Quote:
Originally Posted by fluffy0000
China’s current account surplus exists because its dysfunctional financial system cannot intermediate the growing savings into investments. The private savings rate is high because China does not have the variety of financial institutions that would, one, pool risks by providing medical insurance, pension insurance, and unemployment insurance; and, two, transform savings into education loans, housing loans, and other types of investment loans. The backward financial system in China has made the private savings rate in China 7.0 to 12.2 percentage points higher than in the US.
|
You are right about insurance, but it's not the bank's role, it's the government's role. The main reason for the savings rate is culture (being thrifty is seeing as a virtue) and also lack of a safety net in social services. People need to stash up for a rainy day in China because there is no Medicare or unemployment benefits or anything like that should things go wrong.
It may not be perfect but China is in hell of lot of a better position than US at the moment which pumped up its phoney economy through reckless borrowing.

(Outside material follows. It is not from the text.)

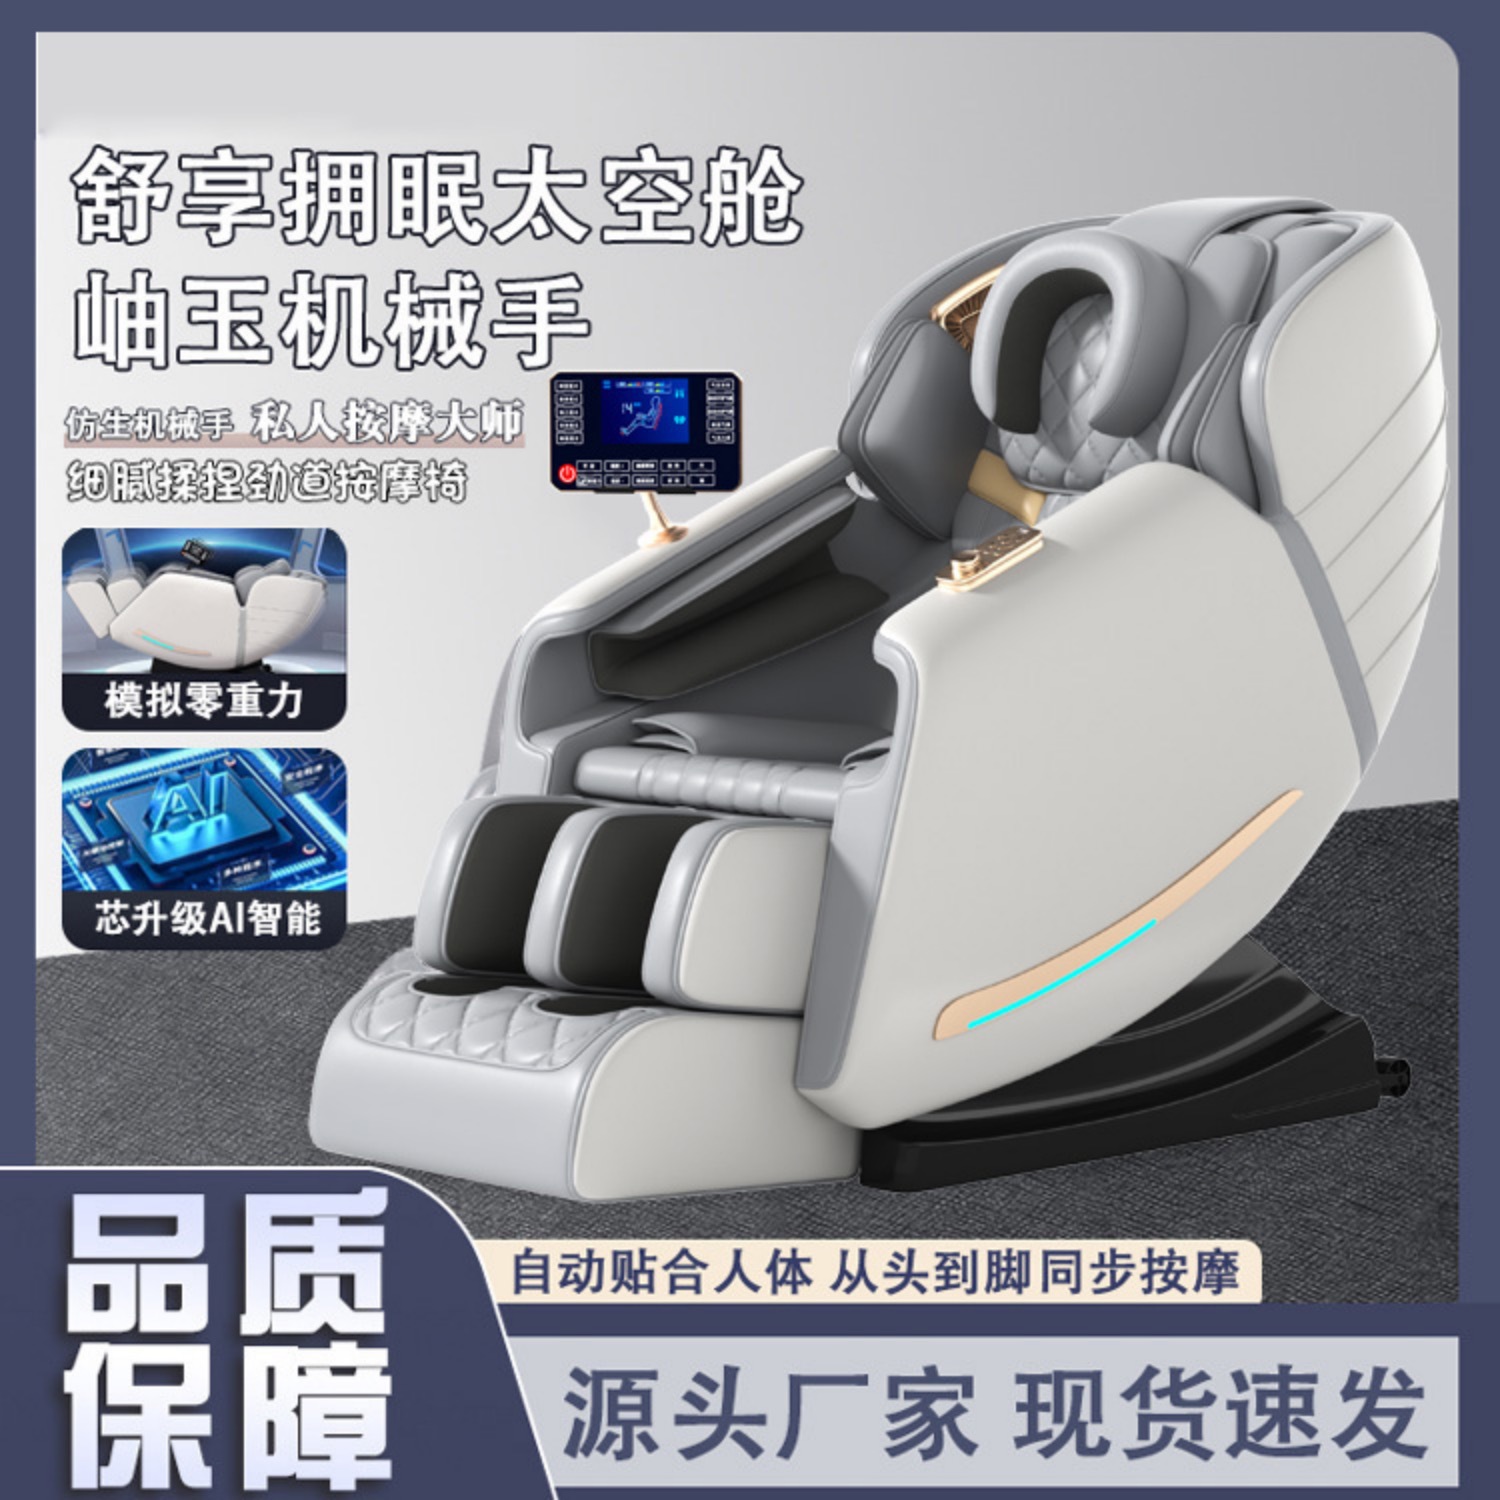 New Baizhaoxiang SL Double Guide Rail Home Full-Automatic Luxury Space Capsule Multi-Functional Smart Massage Chair

With the national debt at 11 Trillion or whatever it is now, the US is practically bankrupt, and the printing press is running 24/7 (or will be if at any stage China refuses to buy more treasury bills).
What China needs to do is spur internal consumption to save itself, it cannot rely on US to consume forever. The fall in demand from the US is what's mainly causing China so much pain. Luckily, the government isn't stupid and it is doing this now by giving farmers REBATES on white goods and also city dwellers REBATES on small cars (up to 1.6L), another xxx billions in public health, and of course $1 Trillion yuan in mainly infrastructure investments.
How effective this is, well the jury is still out but spending money on infrastructure is gotta be a lot wiser than spending money to prop up demand. You can't spend yourself out of a recession, you have to PRODUCE your way out of it.
Yes the Chinese banking system is far from great but right now it's doing a hell of a lot better than the US, none of which is worth a penny.